* Work request
One range is to be output from the listing below, exactly as written: the line with "Das Edinburgh Castle" to the line with "Vaso prateado com", both kept.

* Records to use
○ ○ ○

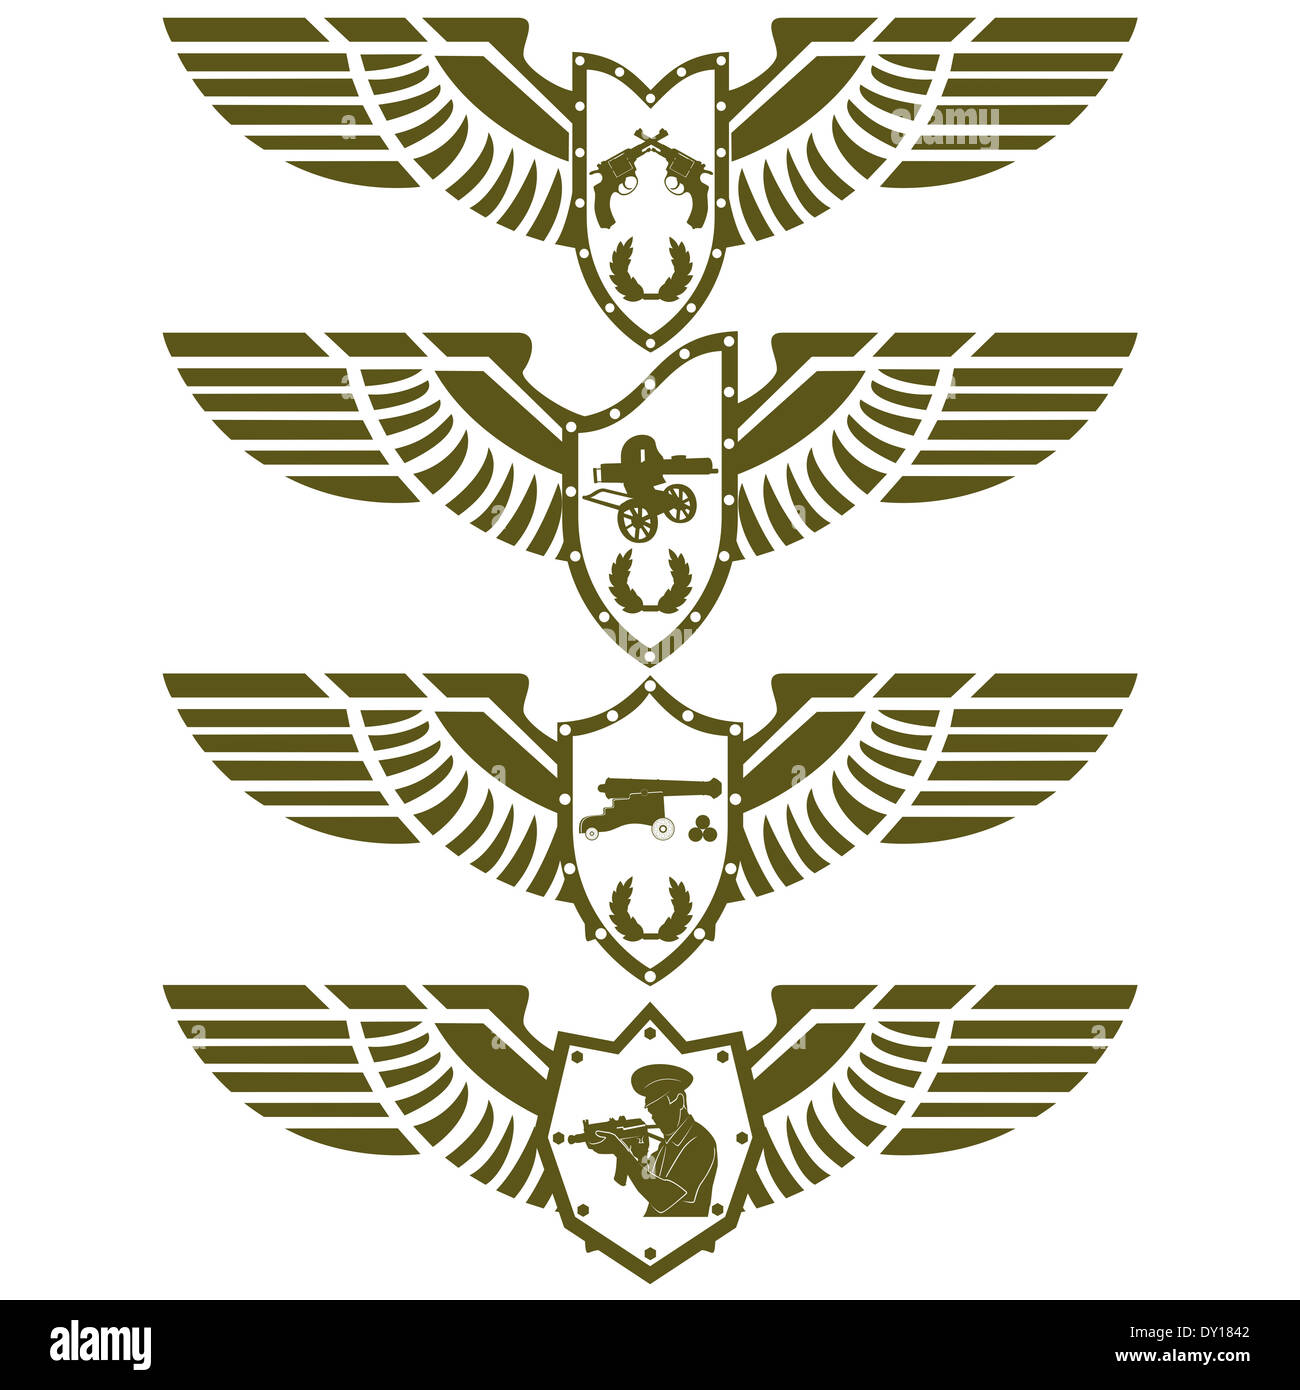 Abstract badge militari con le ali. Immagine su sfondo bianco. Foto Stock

○ ○ ○

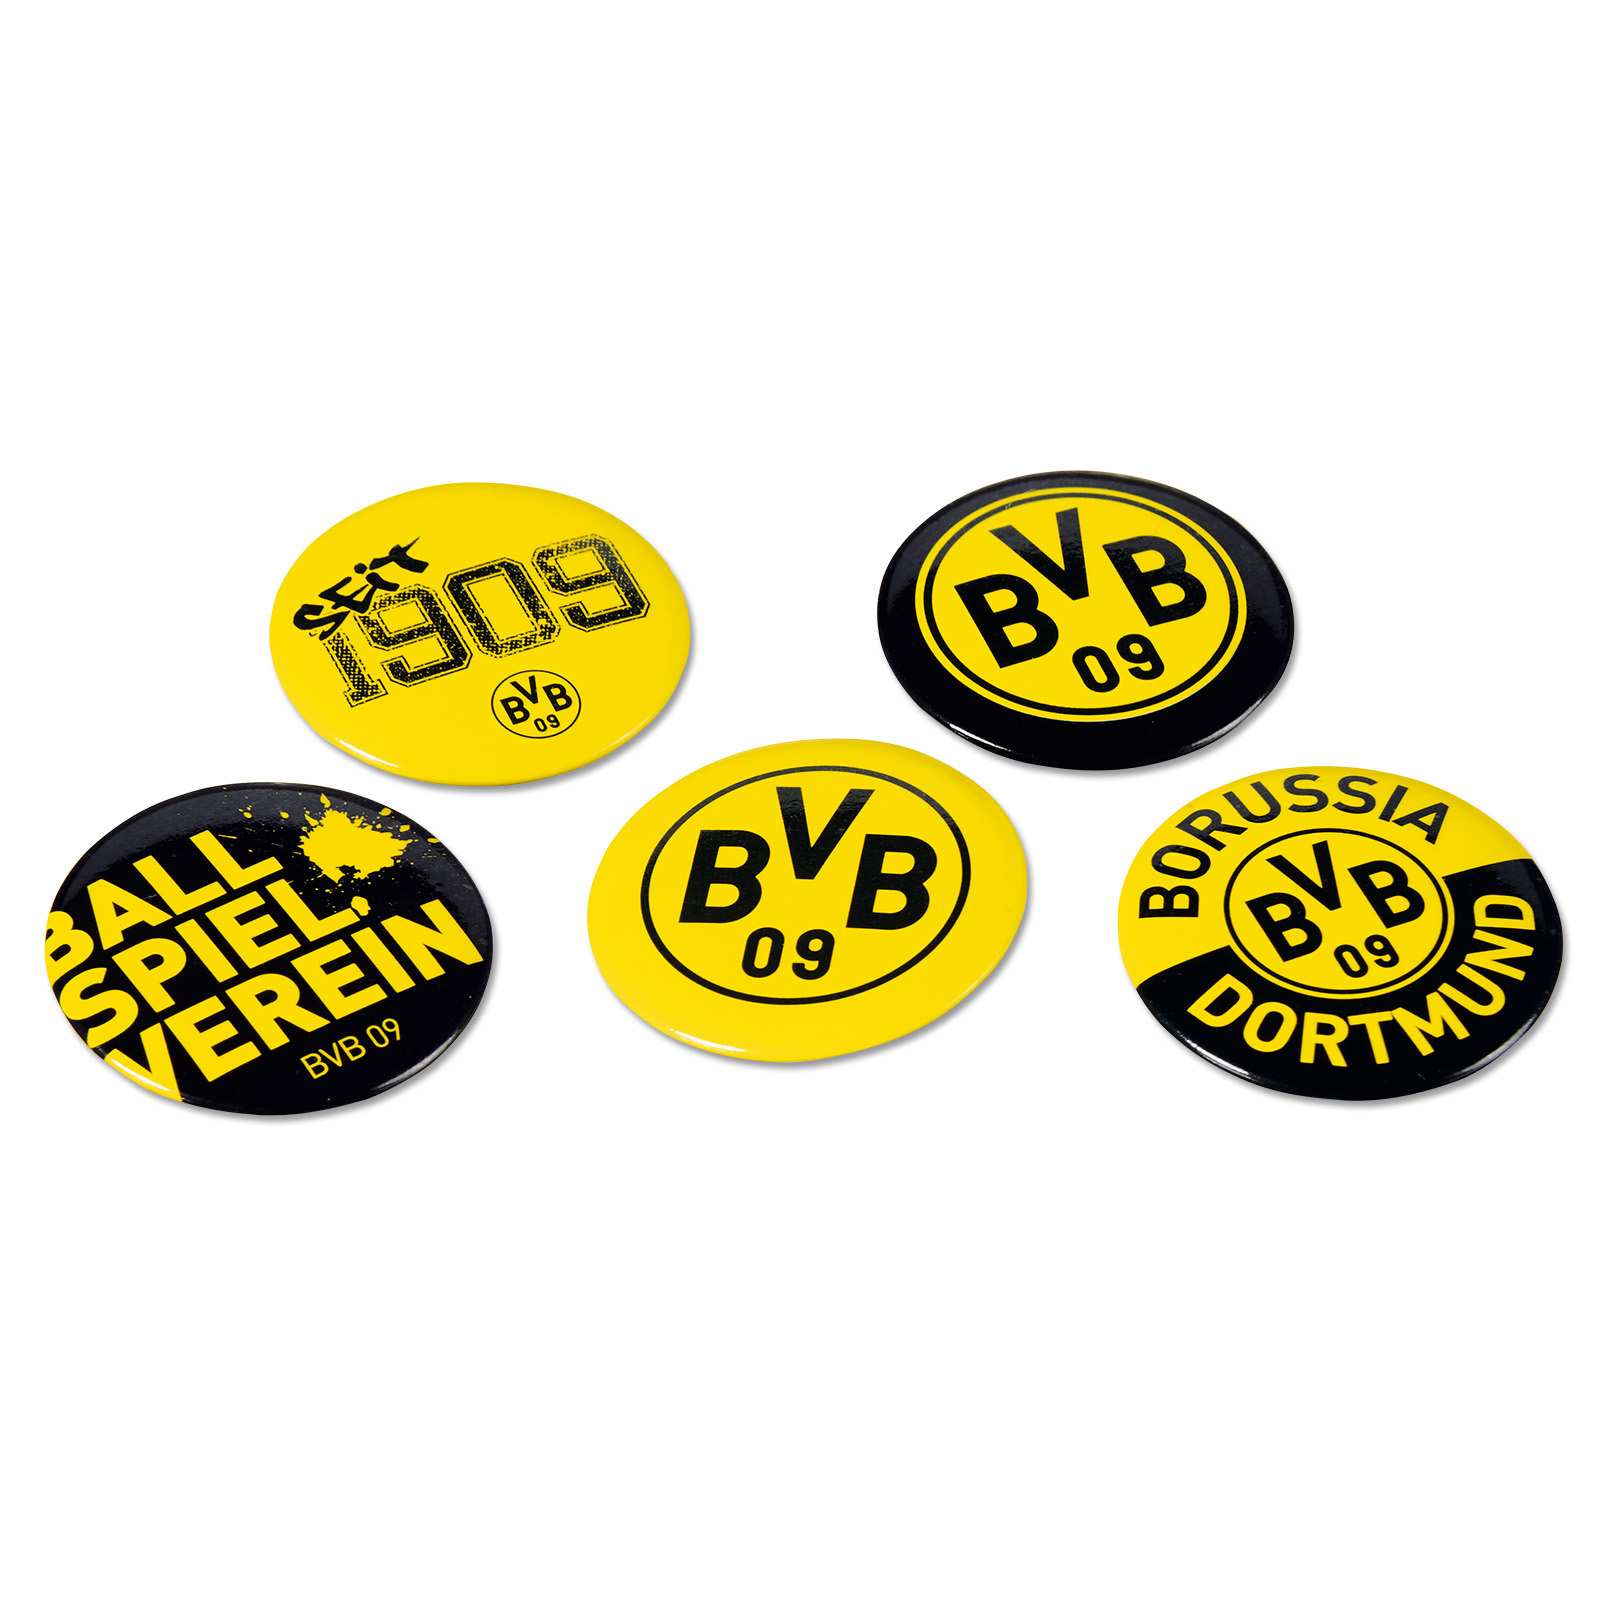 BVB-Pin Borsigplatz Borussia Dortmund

○ ○ ○

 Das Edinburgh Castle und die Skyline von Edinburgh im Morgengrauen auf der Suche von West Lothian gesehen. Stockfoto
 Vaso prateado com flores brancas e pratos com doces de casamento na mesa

○ ○ ○

* Task answer
 Das Edinburgh Castle und die Skyline von Edinburgh im Morgengrauen auf der Suche von West Lothian gesehen. Stockfoto
 Vaso prateado com flores brancas e pratos com doces de casamento na mesa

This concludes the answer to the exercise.